Monday, March 23, 2009

Make sure to re-check your assumptions when performance tuning

We found the memory leak. This is what our properly tuned system looks like during a 66 hour test. Notice that the black line does not slowly trend upward, like it did in the last post.

The velocity templating framework that we use for generating xml to send to a third party system was slowly eating away at our memory. It wasn't really a problem with velocity, it was a problem with the way that we had our system tuned.

The first thing to remember is that Java splits up its memory into three parts, called generations. They are Young, Tenured, and Permanent.

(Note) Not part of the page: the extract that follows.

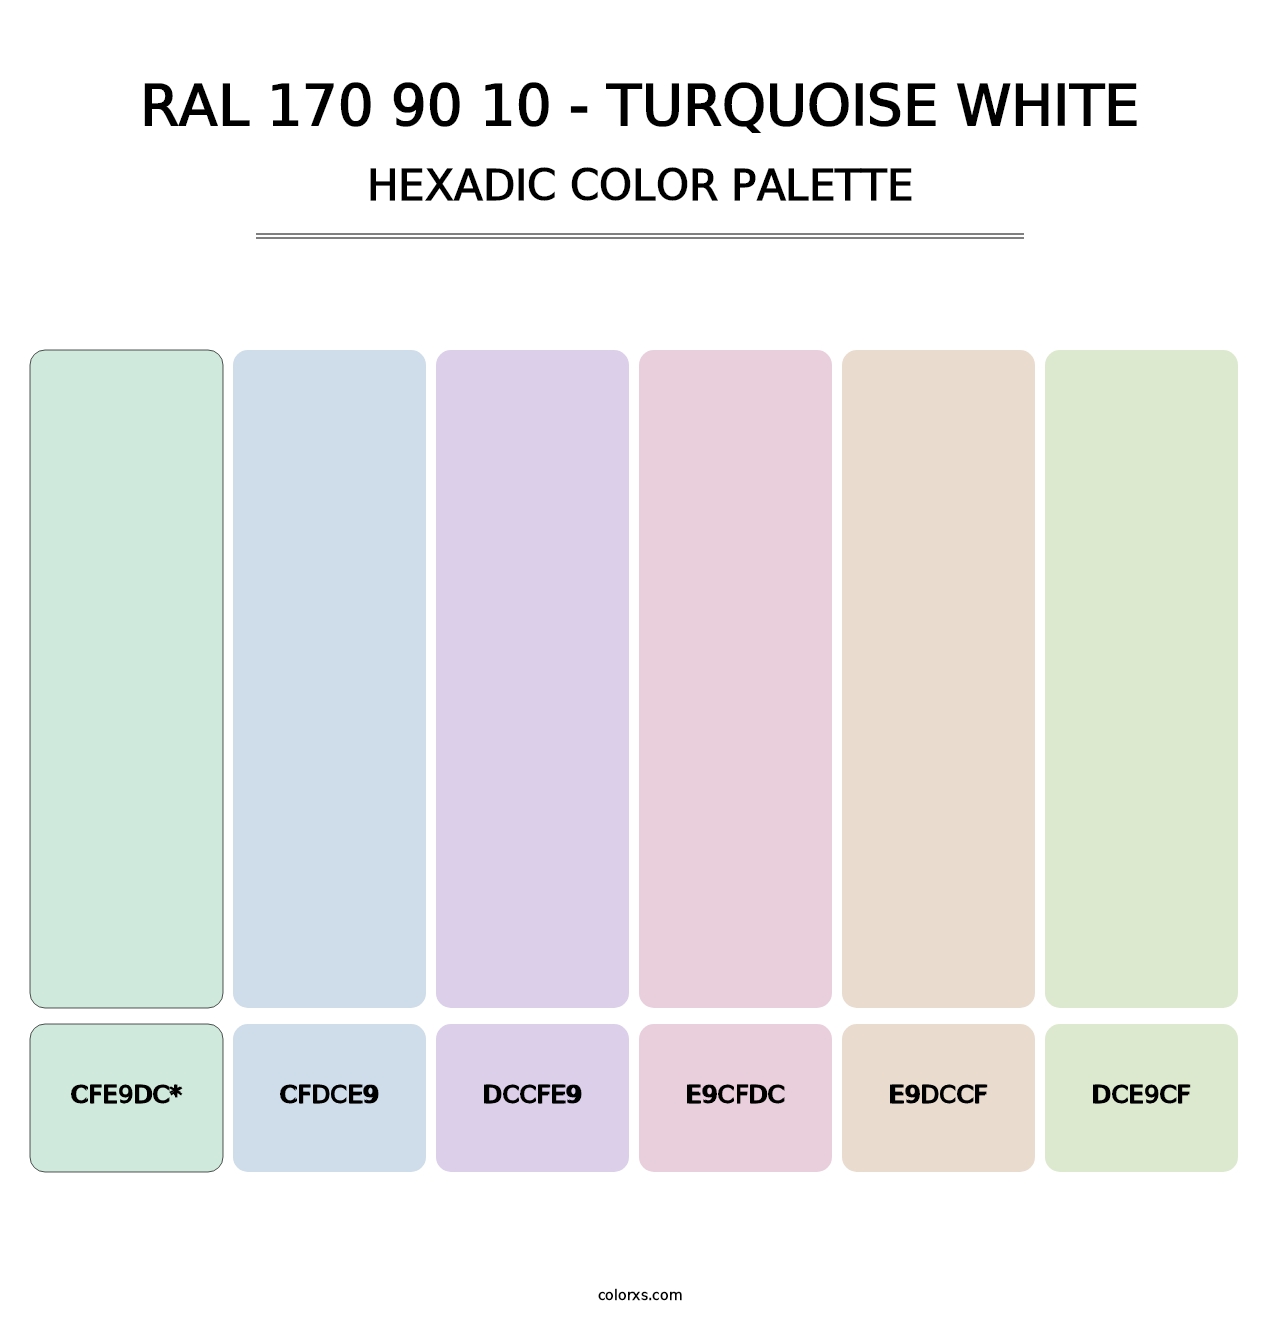 RAL 170 90 10 - Turquoise White - Hexadic Color Palette

Whenever you create a new instance of a class, it is created in the Young generation. This generation is used and quickly discarded each time there is a garbage collection. When the young generation is full, the garbage collector goes through the young generation and copies all the objects that are still referenced to the tenured generation. The place where you find memory leaks in most applications is when you keep references to too many objects. You will start getting out of memory exceptions when the garbage collector starts to copy objects from the Young generation to the Tenured generation, and there is not enough space to fit all of the objects that are still referenced. Frequently, you don't even realize that you are keeping a reference to those objects.

What made this leak particularly difficult to detect was that it was a problem in the permanent space. This area of memory is used to store objects that don't relate to instances of objects. This is where the JVM stores definitions of classes and methods. This area is pretty obscure, and the commercial tool that I used for profiling didn't even notice the leak in that area.

Velocity was creating dynamic classes, which are used once per call, then promptly discarded. These classes are created in the Permanent generation. The problem came from an optimization that we made about 5-7 years ago to speed up the server. We had set the flag noclassgc , which disables garbage collection for class definitions. This option makes sense if you never create dynamic classes, because you don't have to spend time reloading classes into memory.

We were creating classes that would never be used again, and telling the garbage collector not to bother with cleaning up after us. The definition of the classes are very small, which is why it took about 66 hours for the leak to take down the server.

The moral of the story is to revisit your performance optimizations occasionally and make sure they still make sense. The best decision today will not necessarily be the best decision tomorrow, so be ready to change your mind.

Wednesday, March 18, 2009

What takes 125 users 66 hours to discover?

Unfortunately, I think the answer is a very slow memory leak.

For our application, we typically run 3 classes of performance test. Our quick test with 100 users for 1 hour, our longer test with 125 users for 8 hours, and our really long test with 125 users for 66 hours.

The 1 and 8 hour tests were fine this time, but looking at the garbage collection logs and zooming out over a very long time period, we see that the application is holding on to memory. The blue area represents the memory that is used and released. The black area, that is slowing moving upwards, is the memory that is used and not released.

The last performance problem that we fixed was related to xml parsing and xpath. This time it looks like we need to tune Velocity.